Juan Gasparini/Carole Vann/Human Rights Tribune - The Human Rights Council has finally begun to sort out the cases left over from the former Commission which ended in June 2006. Several thousand individual complaints from around the world addressed to the office of the High Commissioner, Louise Arbour, were examined on Monday at closed door session. One confidential report condemns human rights violations in Turkmenistan.
On ending his term as president of the Council in June 2007, Luis Alfonso De Alba tasked five diplomats from Jordan, Italy, Angola, Bosnia Herzegovina and Nicaragua to review the procedure known as 1503. This opaque mechanism allows individuals around the world to lodge complaints directly with the UN. Between 20,000 and 60,000 cases arrive every year in Geneva where they are classified by category. When the number of complaints shows systematic and massive violations and when the accused State fails to cooperate, the Council appoints an expert to investigate. Finally, if the recommendations of the Rapporteur are not followed, the Issue is no longer dealt with behind closed doors and the country is publicly reprimanded.
This is what could happen to Turkmenistan if it does not respond in 3 months. In the secret report, which HRT has seen, the Moroccan expert Halima Warzazi reveals that this large country situateded between the Caspian Sea and Uzbekistan, is conducting appalling repressions on its citizens. This includes arbitrary detention, torture, ethnic cleansing, persecuting and driving the opposition into exile. According to Halima Warzazi the number and the nature of the complaints are sufficient to conclude that the abuse in Turkmenistan is systematic and massive. The violations have also been condemned by Amnesty International and Reporters Without Borders.

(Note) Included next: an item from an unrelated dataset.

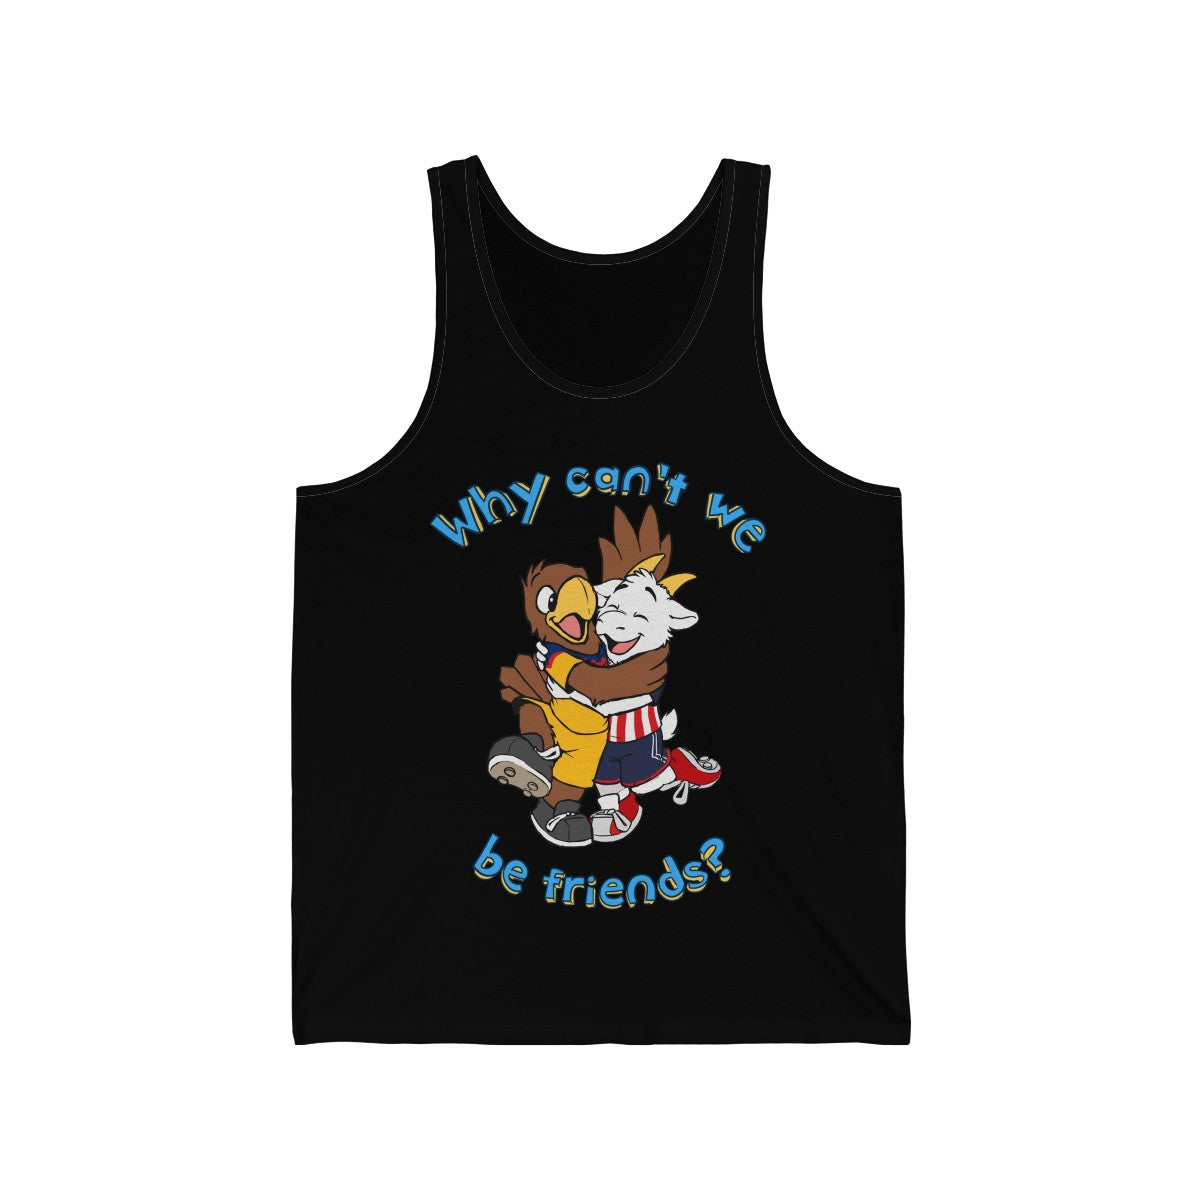 Why Can't we be Friends? - Tank Top Tank Top Paco Panda Black XS

Next Tuesday (March 25), the Council will examine, also behind closed doors, six other countries: Syria, Botswana, Maldives, Nepal, Spain and Peru. However, the complaints made against them appear not to be sufficient to conclude that there have been systematic and massive violations.
The 1503 procedure, established to allow individuals to have recourse to the UN when they have exhausted all avenues in their native countries, nevertheless has several flaws. In 2007, Iran and Uzbekistan were accused of systematic violations of freedoms yet managed to have the cases against them closed thanks to a network of alliances among the majority in the Council. Turkmenistan apparently does not have enough powerful allies to benefit from this impunity.
Another perverse effect of 1503 is that only countries where civil society is already strong and well organised, risk finding themselves in the dock. Other countries, no matter how repressive, may find ways around this procedure.